Your instructions: Before copying, find the line below that contains "Noleggio bici E-Mtb"; then return it and all later lines exactly, up to and including the final line, with no pictures.

Provided material:
[Start of Attachment]

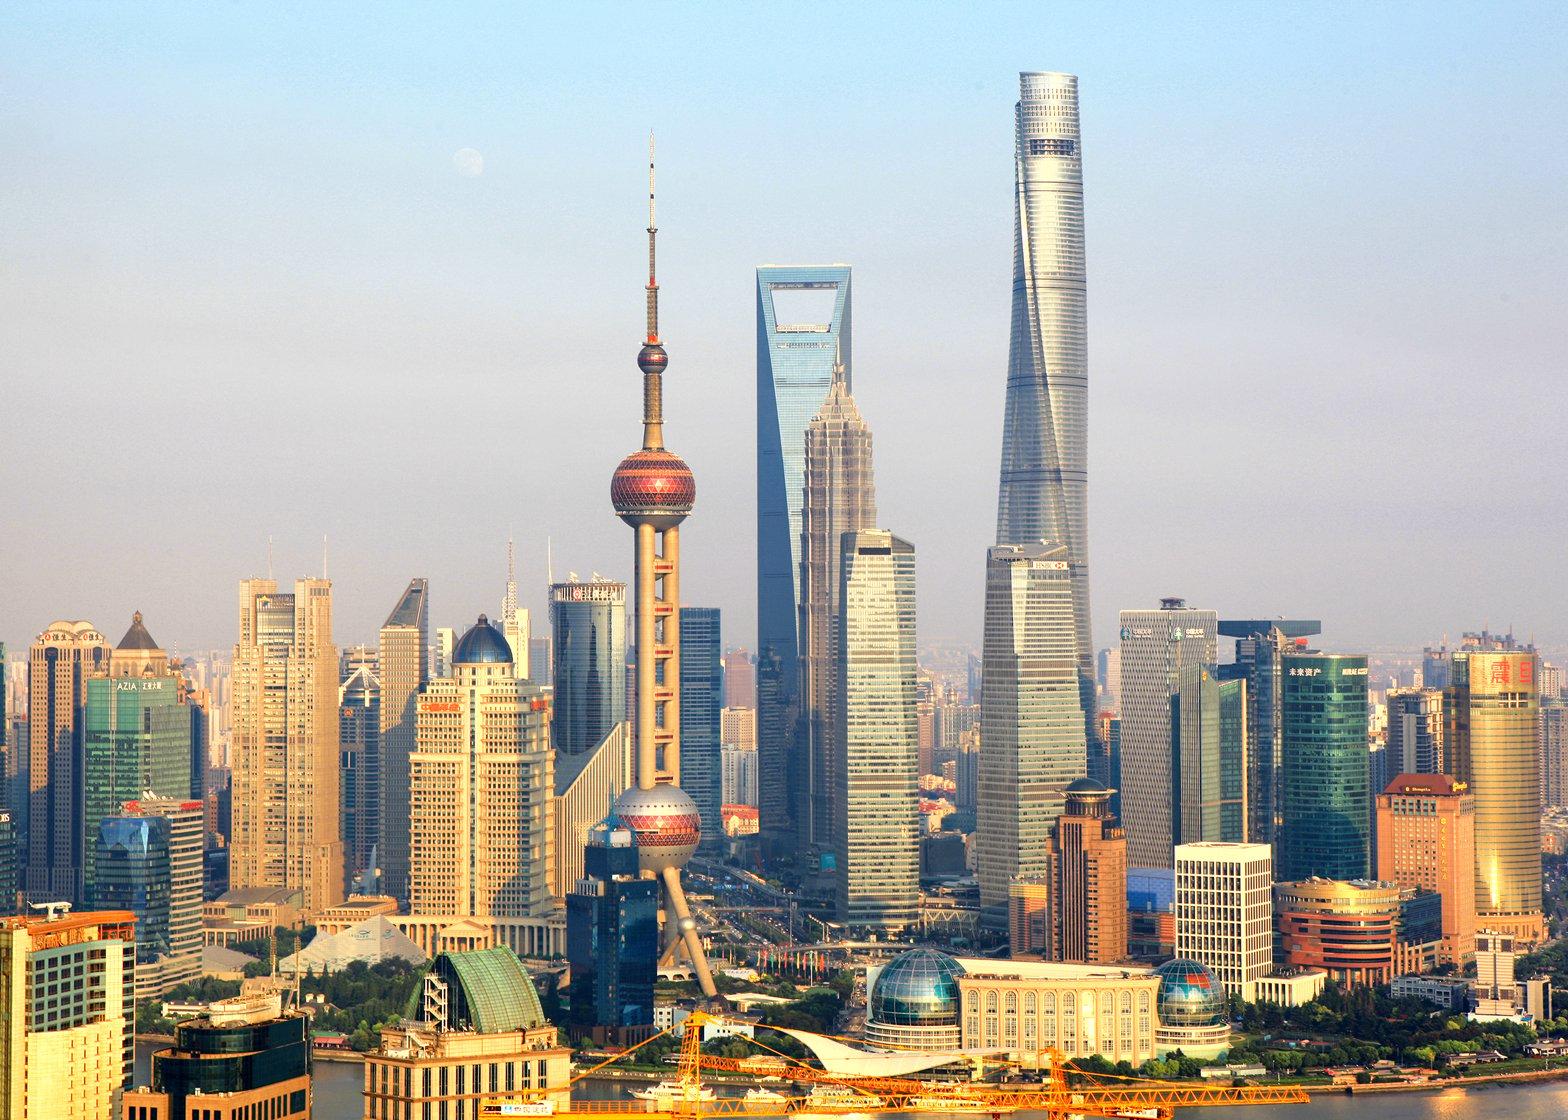 https://static.dezeen.com/uploads/2016/01/Shanghai-Tower_Gensler_dezeen_ban.jpg
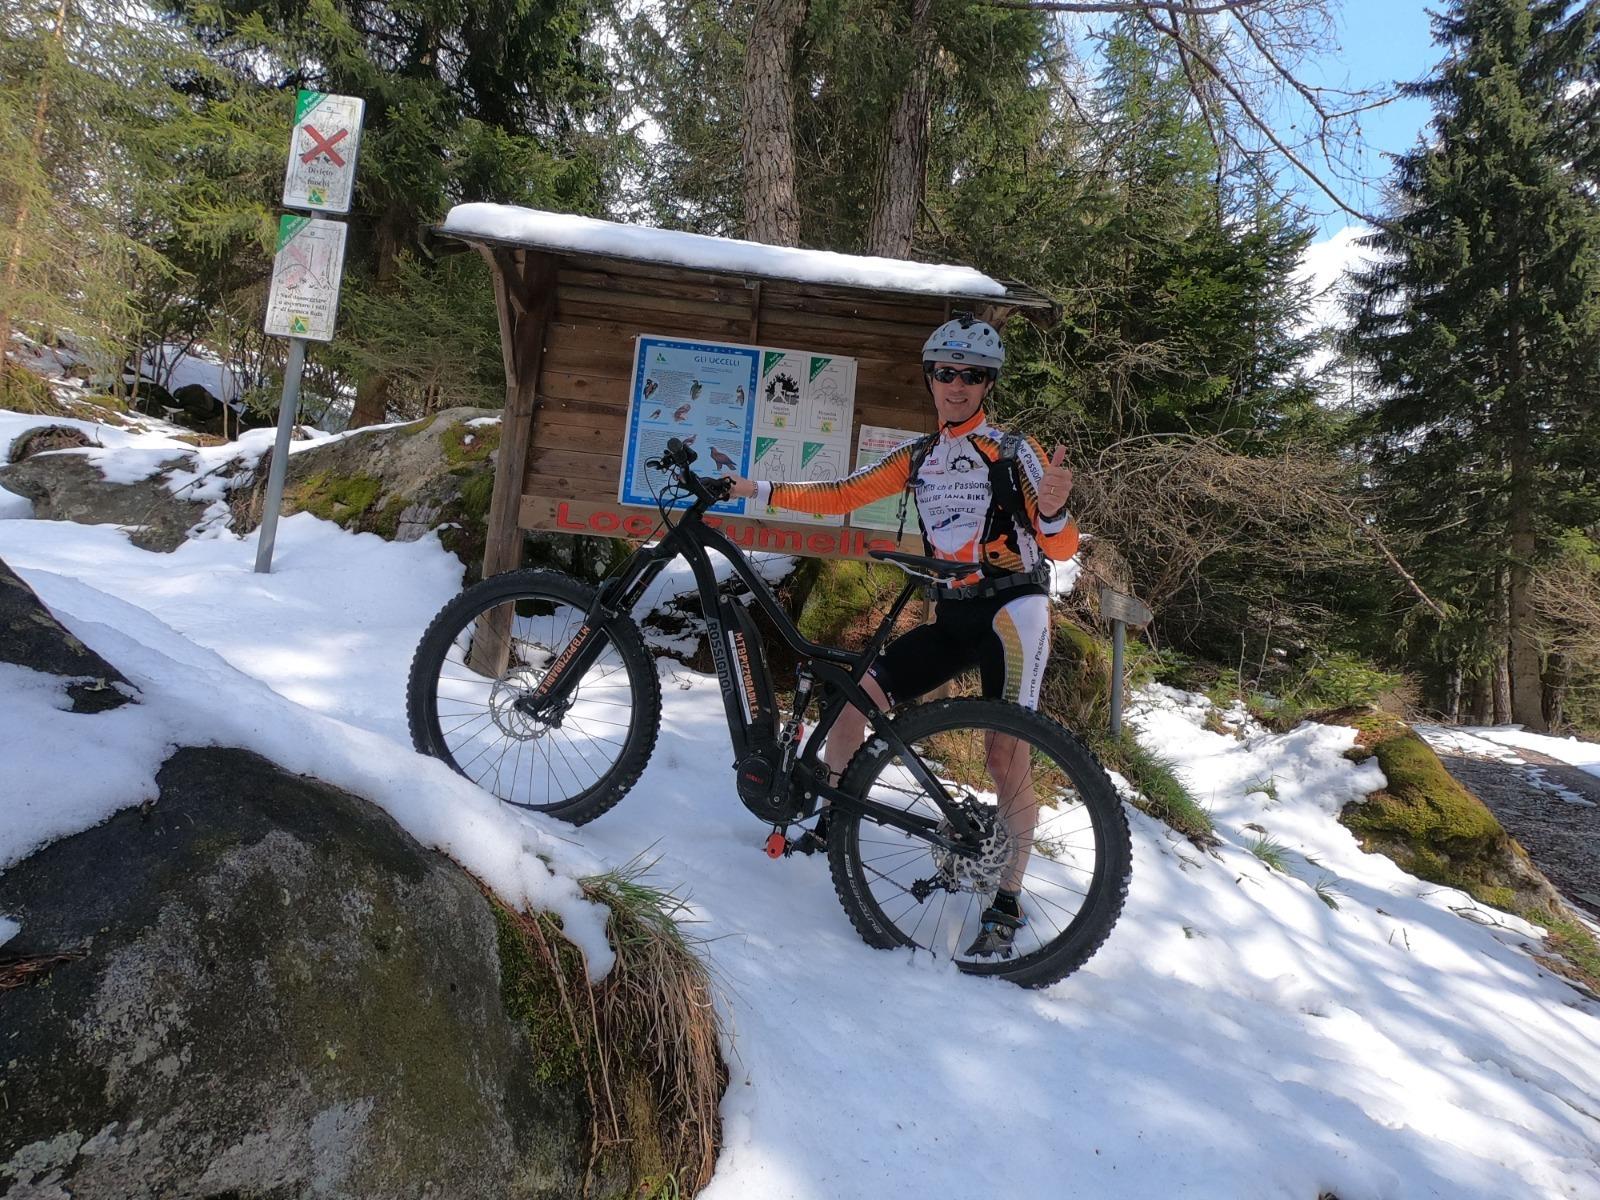 Noleggio bici E-Mtb Rossignol E-track Trail Two - Monte Pora
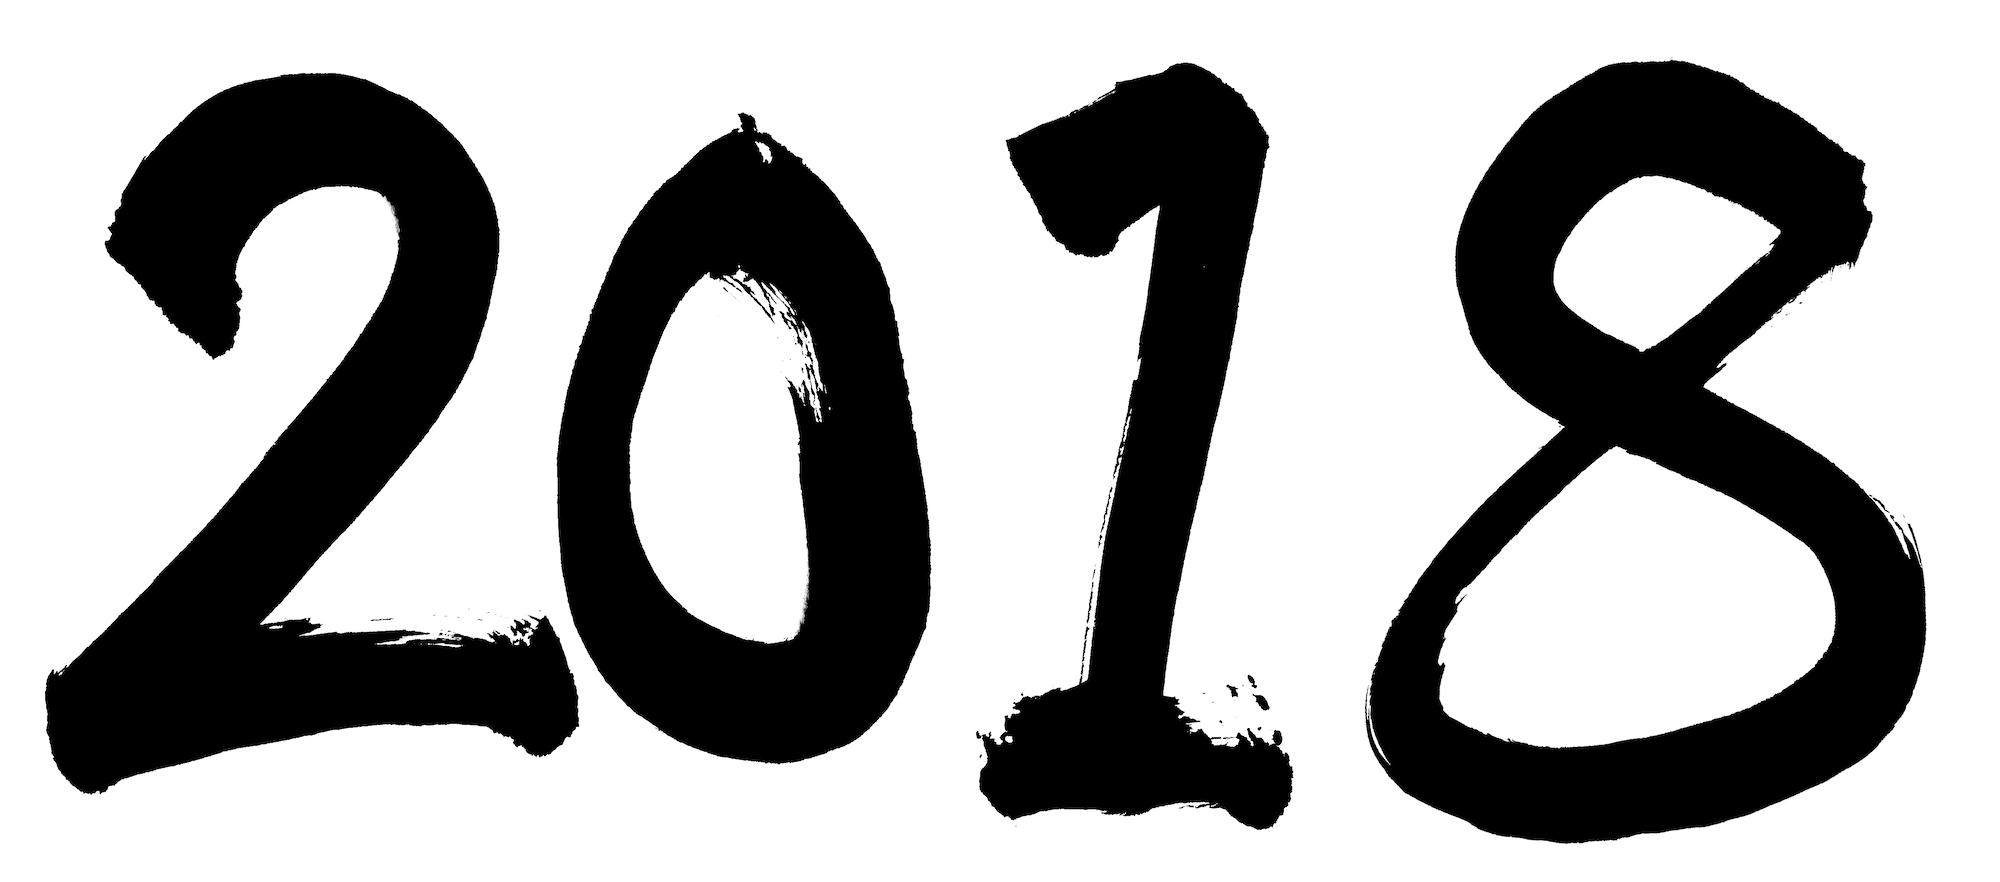 2018年手書き墨文字イラスト年賀状素材 | 無料イラスト配布サイト

[End of Attachment]

Answer area:
 Noleggio bici E-Mtb Rossignol E-track Trail Two - Monte Pora
 2018年手書き墨文字イラスト年賀状素材 | 無料イラスト配布サイト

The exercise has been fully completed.